After New years things started to coalesce. I kept remembering a sermon by Dante Gebel that at the time i thought was a terrible sermon but it seemed to ring more and more true. The statement that stuck was, pray all you can beforehand about the lady you will be with to sure she is the one before, but once you have decided go for it and fight for her as hard as you can, do not start wavering with doubt about whether or not she is God’s decision for you but you fight for her too. I started to realize something to the effect of “God doesn’t just want me to be with this woman out of obedience, but to guard her and set my heart to love her and love her personally”. I begant to think the things happening were a training for this. I had told dearly beloved Hannah that i wanted to love her like Jesus loves the church, and i knew this at times would mean, by the grace of God, being faithful even when she was faithless if that should ever happen like it happens all the time with our wicked hearts before the Lord.
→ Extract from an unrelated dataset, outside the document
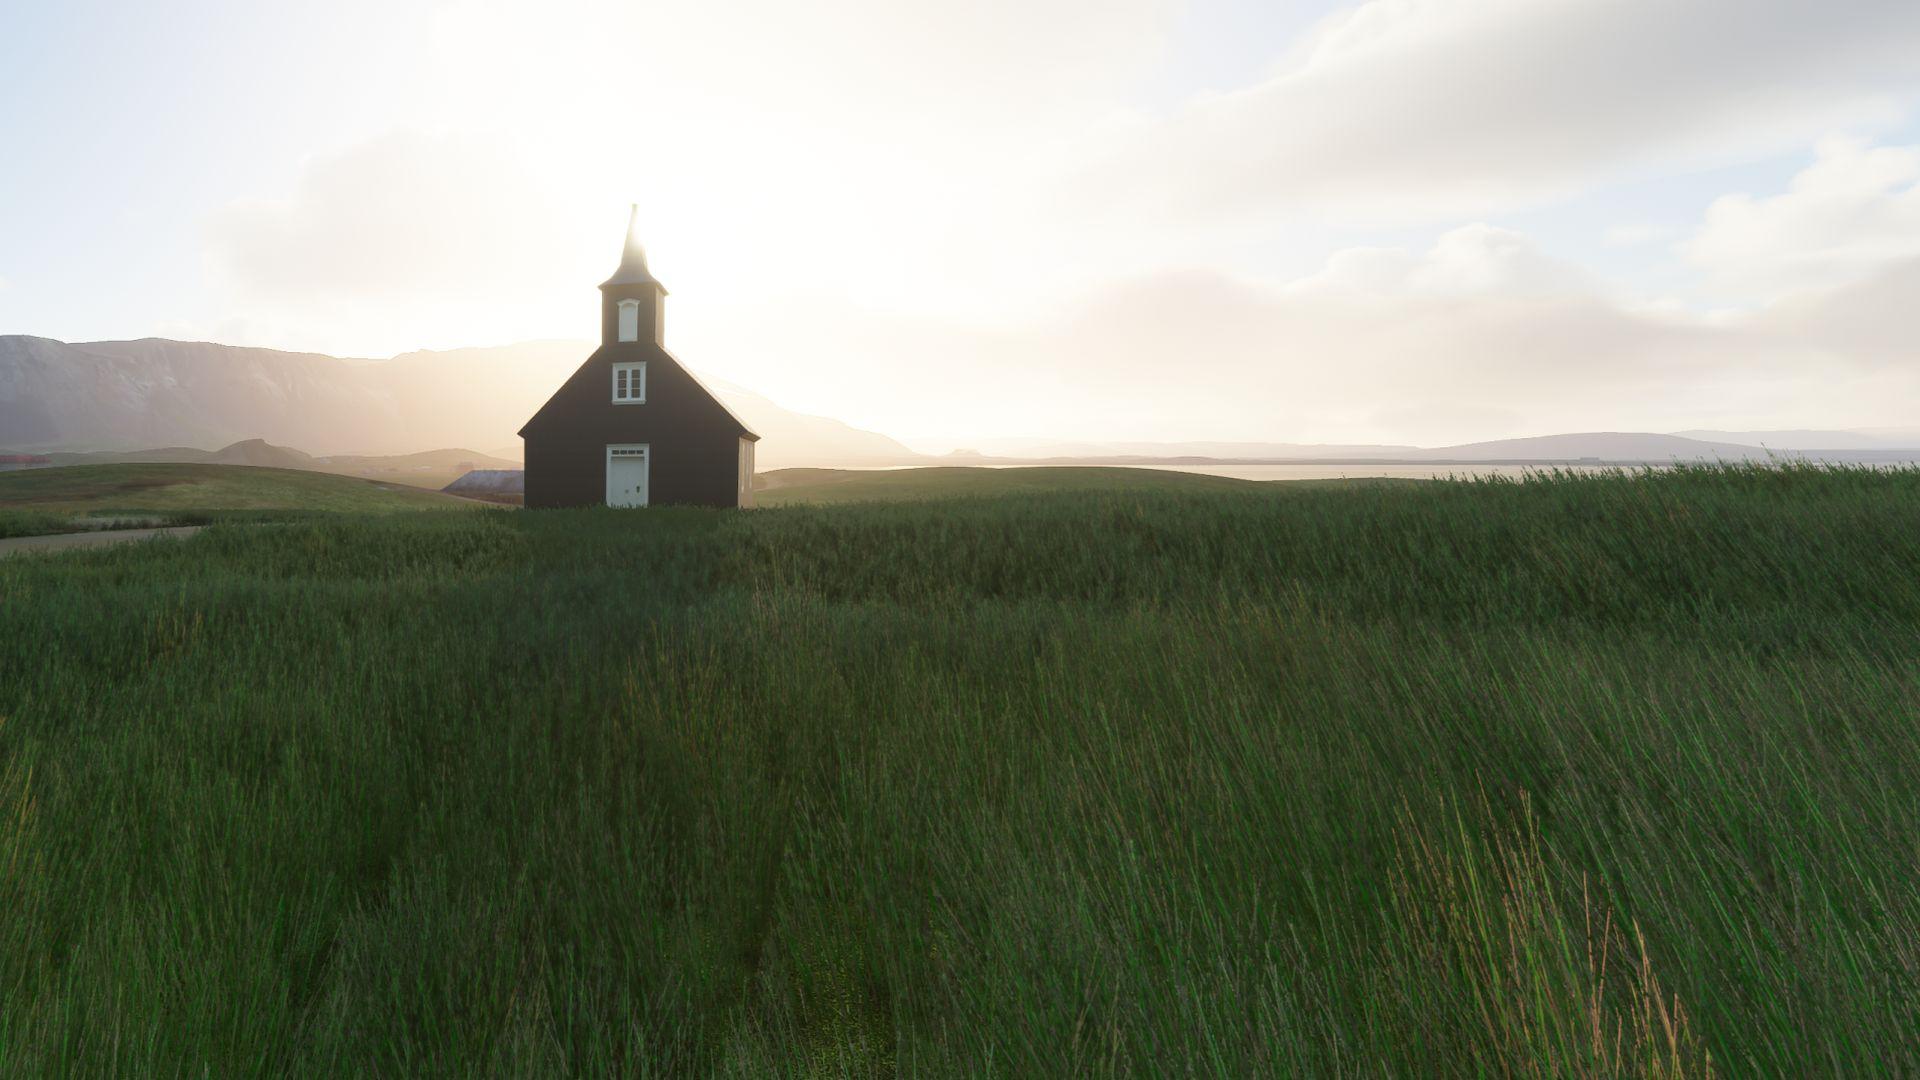 Una captura de pantalla de Microsoft Flight Simulator que muestra una sola iglesia de madera en Islandia

I started fighting for dearly beloved Hannah and to try and give her stability in regards to my being committed to her as far as i was able to be by the grace of God. Things were getting better and we started talking about the possibility of me visiting her and we started to think about doing it in March. My dad here had offered me a plane ticket for Christmas to visit her (thanks dad here!) I started to talk to my dad here about the possibility of going and we looked for tickets.
The MNC Project was moving forward nicely and it was fun to work on. My part was quite a lot simpler than the Mobile side it seemed and i was always ahead on the work where they were, by sometimes by weeks. I began discussing with them about going to the United States and working remotely and we found a suitable stage where this would work out. We found a date in March and suitable plane tickets and a hostel i could stay at for some weeks, though i would try to see how else i could stay. Dearly beloved Hannah was ok with me visiting, though she felt uncomfortable about me staying with her in her apartmen, my dad here kept saying how much it would save on expenses, i saw both of their points and couldn’t decide which was more right but would try to not stay with dearly beloved Hannah. Eventually i came to be pretty firmly decided that if it was against her conscience that except for emergencies it would be right not be overnight in her apartment, a situation several times i did not know how to handle.